ところが、その力の源である皇帝の欲、すなわち護国への願いが年々薄れ――平和が続くとそれが当たり前になる――剣の力が弱まることを、夕星は自身の持つ特異な能力『先見の明』で予見していた。このままでは、再びあやかしが溢れる世になるのは避けられない。さらに、青剣の眷属である伯奇(ハク)が沙夜の夢を通して青剣を冥門の中へ隠すのも見えた。
冥界へ渡ってしまった宝を取り戻す方法を模索した結果、禁術を用いて生きたまま渡ることを思いつく。
渡るまでは良いが、普通なら『片道だけの死出の旅』だ。戻るには、少なくとも現世との繋がりを保ち続けなければならない。
そこで瑠璃玉を沙夜に継がせ、自身とハクの髪で編んだ組紐を命綱として結んだ。
とはいえ、縛りは多い。
元の場所へ生きたまま戻るには、冥界の者どもに帰り道を悟らせないよう、方違えをしなければならなかった。
冥界に居ながら陰陽師の式に則り十二支方位を違えていくと、現世で十二年の時が必要になる。
しかも皇帝が冥へ渡ってから四十九日の間(その後は輪廻のため魂が消滅する)に、現世へ戻らなければならない。

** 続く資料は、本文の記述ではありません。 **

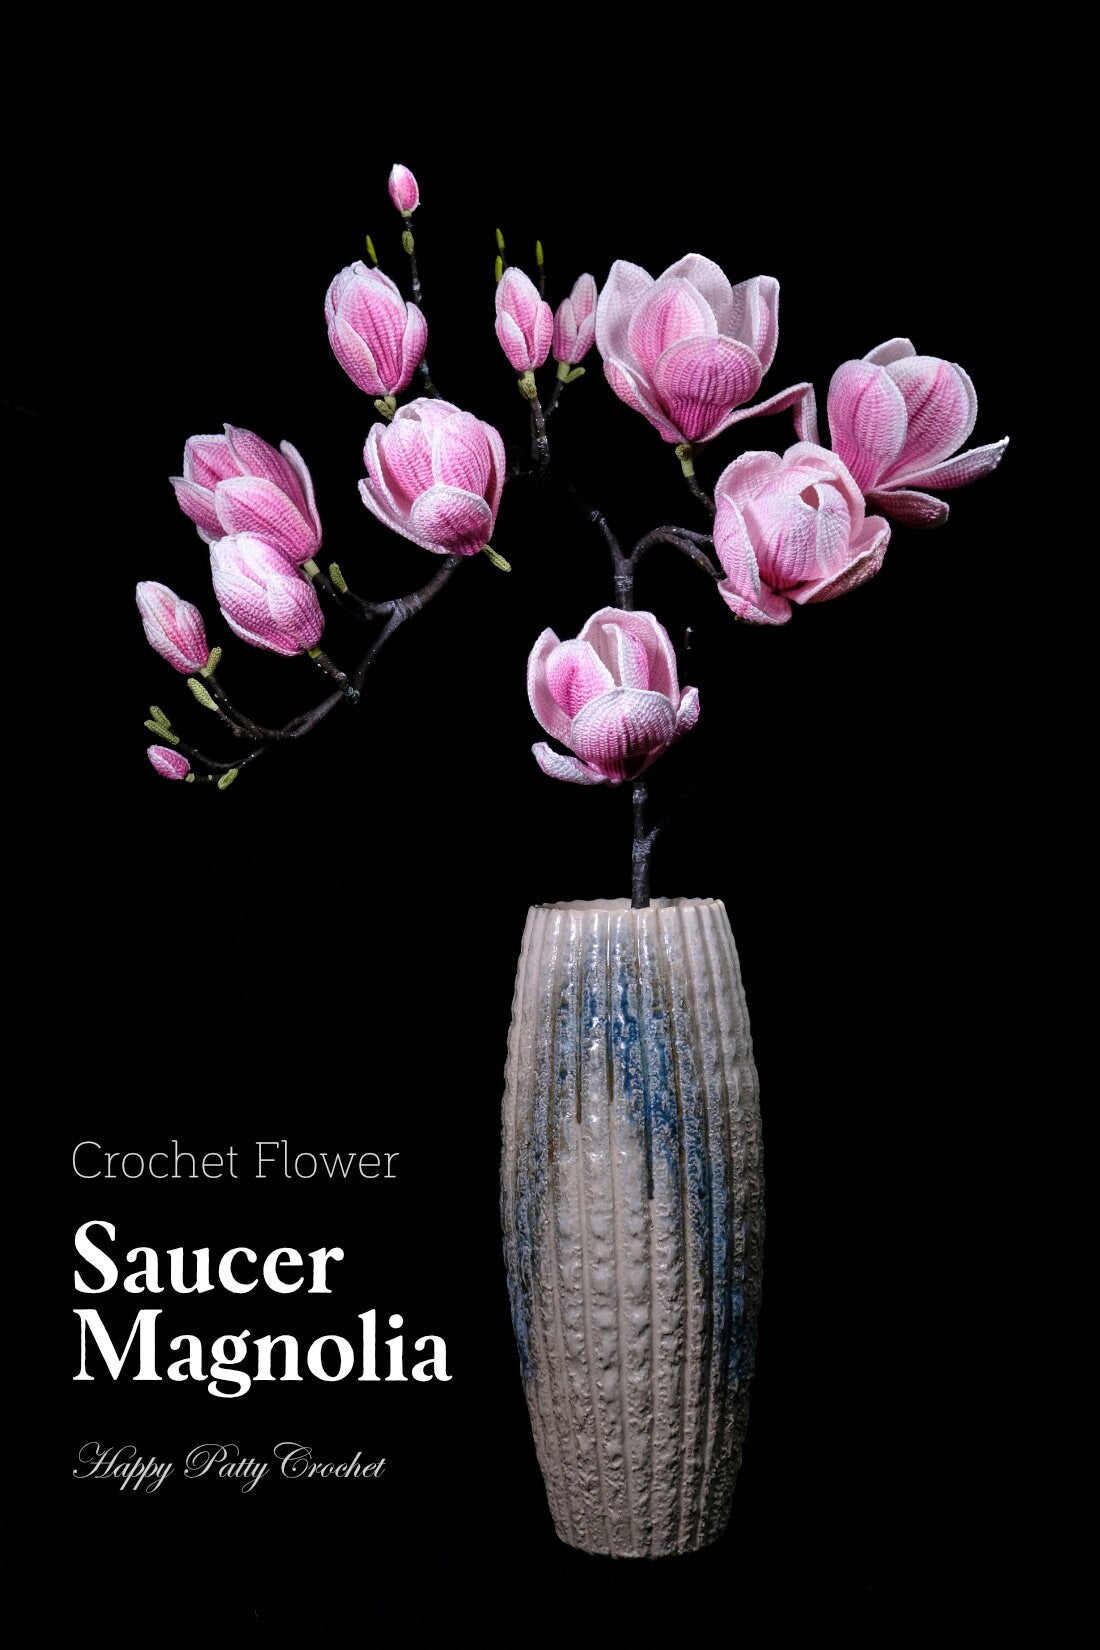 Crochet Pattern for a Saucer Magnolia Flower - Crochet Flower Pattern for a Magnolia Flower

さらに、冥界の門を現世へ出現させ青剣を持ち帰るためには、贄として大量の人命と、宝剣を継ぐ皇族の血が必要だった。
「綱渡りすぎですし、人を犠牲にしすぎです」
「俺もそう言おうとしたが……青剣が失われれば、いずれにせよ皇雅国は全滅だ。夕星たちも命懸けの賭けに出たと」
そう言われてしまうと、沙夜は何も責めることができない。
「おまけに、ギーの力を取り戻すためと言われてはな」
「ギー様?」
「ああ。あの鬼も剣とは契りがある。あれでかなり弱っていたのだそうだ。あやつがそれを逆手にとって、わざと命を削ることで剣自身の欲をあぶり出し、それを龍樹が利用することも、剣の欲を喰って復活することも――夕星の術の内だった。まこと恐ろしいよな」
「ええっともう、なにがなんだか」
「だろう? うまくいった。それでよしとしないか」
釈然としないが、頷くしかなかった。
「沙夜」
「はい」
今度は魅侶玖が姿勢を正して、真摯に向き合う。
「そなたは、紫電一位と白光一位の娘。貴族と同等ゆえ、後宮にいるなら姫として迎え入れなければならない」
「げっ!」
「沙夜姫」
「いやいや。恥ずかしいです!」
「どうせなら、違う名にするか? 陰陽師として生きるつもりなら真名は隠した方が良いしな」
「えーと」
そういえば、夕星は夕宮陛下から『夕』の字をもらっていたんだったなと思い出しながらも、悩む沙夜に玖狼が寄り添う。
「ばうっ。深く考えるな。直感で良いんだぞ」
黒い毛に黒い眼を見た沙夜は、わしゃわしゃと撫でながら奥に静かに佇む黒装束も視界に入れる。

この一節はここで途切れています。